No contexto da discussão que aqui tecemos, colocamos em suspenso o próprio conceito de formação proposto na BNC - Formação. Como então promover formação humana e cultural do professor em meio ao encarceramento curricular contido nessa proposta?
O que significa exatamente formação? Antes de mais nada, como a própria palavra indica, uma relação com o tempo: é introduzir alguém ao passado de sua cultura (no sentido antropológico do termo, isto é, como ordem simbólica ou de relação com o ausente), é despertar alguém para as questões que esse passado engendra para o presente, e é estimular a passagem do instituído ao instituinte. (CHAUÍ, 2003, p. 12).
Assim sendo, a formação do professor para a construção do saber criativo e de uma formação cultural ampliada implica “formar verdadeiramente professores, de um lado, assegurando que conheçam os clássicos de sua área e os principais problemas nela discutidos ao longo de sua história e, de outro lado, levando em consideração o impacto das mudanças filosóficas, científicas e tecnológicas sobre sua disciplina e sobrea formação de seus docentes” (CHAUÍ, 2003, p. 10).
Considerações finais
Estabelece-se uma relação muito clara entre as proposições dos organismos internacionais e a Nova Gestão Pública, na racionalização de um mercado de formação docente, com alinhamentos e estandardização passíveis de mensuração e comparações internacionais. Isso forma o banco de dados global que esses organismos vêm elaborando para fundamentar e justificar uma educação/ensino por evidências, bem como sustentar o mercado da formação e a indústria da avaliação. As políticas públicas para a educação e as recentes políticas para a formação de professores são um nicho muito promissor para a iniciativa privada, ampliando suas possibilidades de lucros e ganhos políticos, seja no alinhamento da formação à BNCC, seja na plataformização do ensino acelerada no contexto pandêmico da Covid-19.
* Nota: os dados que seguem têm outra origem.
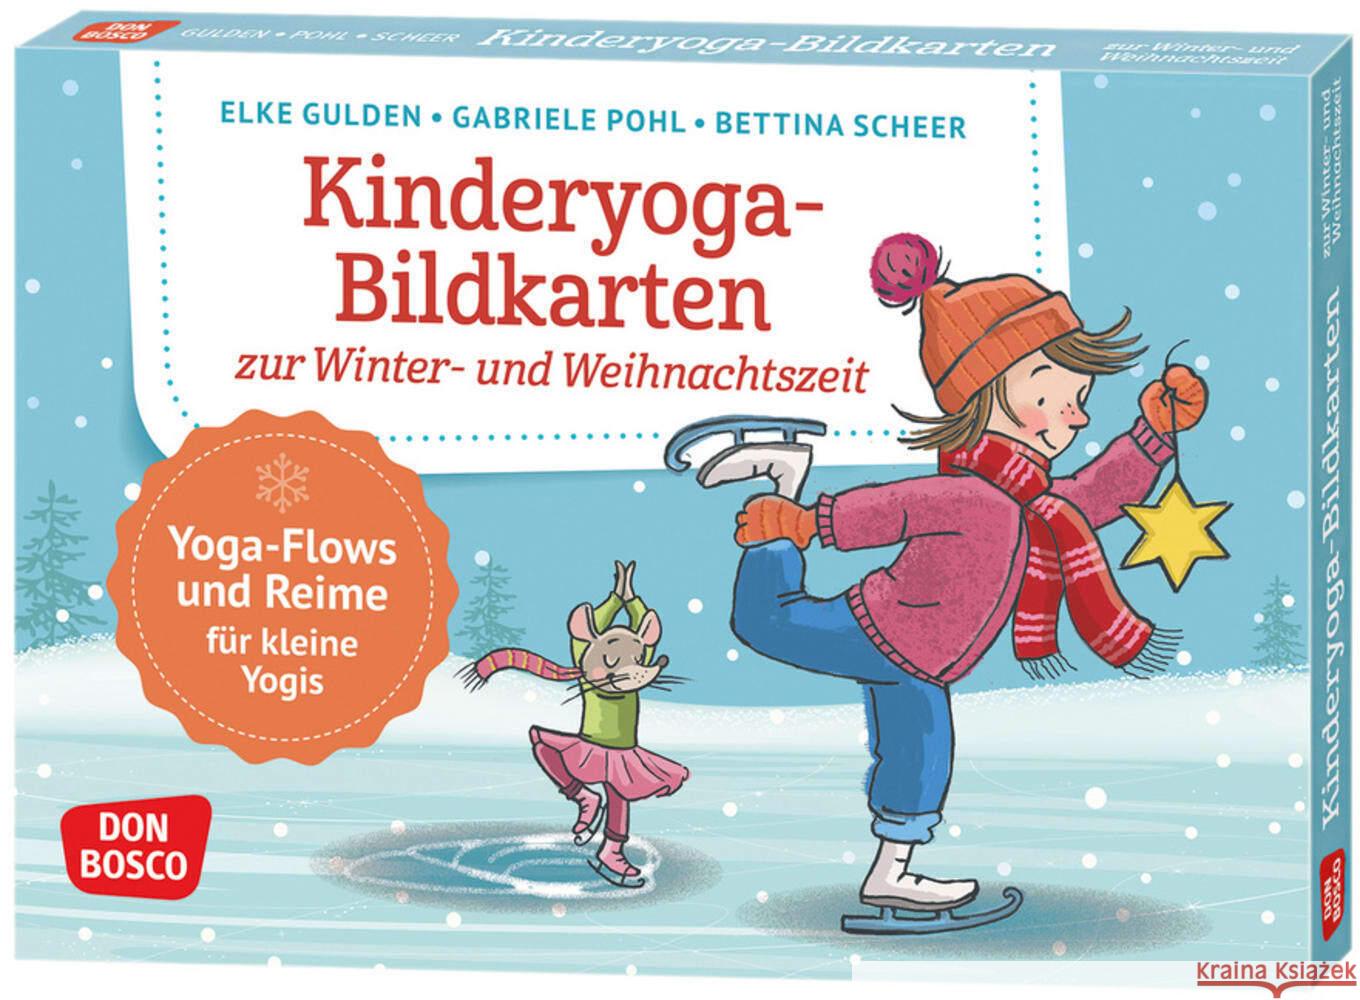 Kinderyoga-Bildkarten zur Winter- und Weihnachtszeit Gulden, Elke, Pohl, Gabriele, Scheer, Bettina 4260179516580 Don Bosco Medien

A precarização e a desintelectualização do professor estão a serviço dessa proposta. Conforme alerta Schiroma (2018, p. 96), “evidencia-se o caráter instrumental da educação proposta pelo capital por meio os organismos multilaterais e a natureza interesseira do ‘direito à aprendizagem’”. Ou seja, a BNC - Formação para a formação inicial dos professores da Educação Básica ratifica uma formação dentro de um horizonte de matriz de competências, fazendo a relação com uma lógica de avaliações externas estandardizadas e uma postura epistemológica centrada na prática.
Em suma, embora sejam esses os pressupostos impingidos no Parecer CNE/CP nº 22/2019 e na Resolução CNE/CP nº 02/2019, defendemos aqui uma formação que não esteja atrelada aos conceitos que fundamentam uma cultura de performatividade voltada para a gestão de resultados que expropria o modo de produção docente, que engessa o trabalho docente, alijando-o de seu saber criativo e de sua artesania.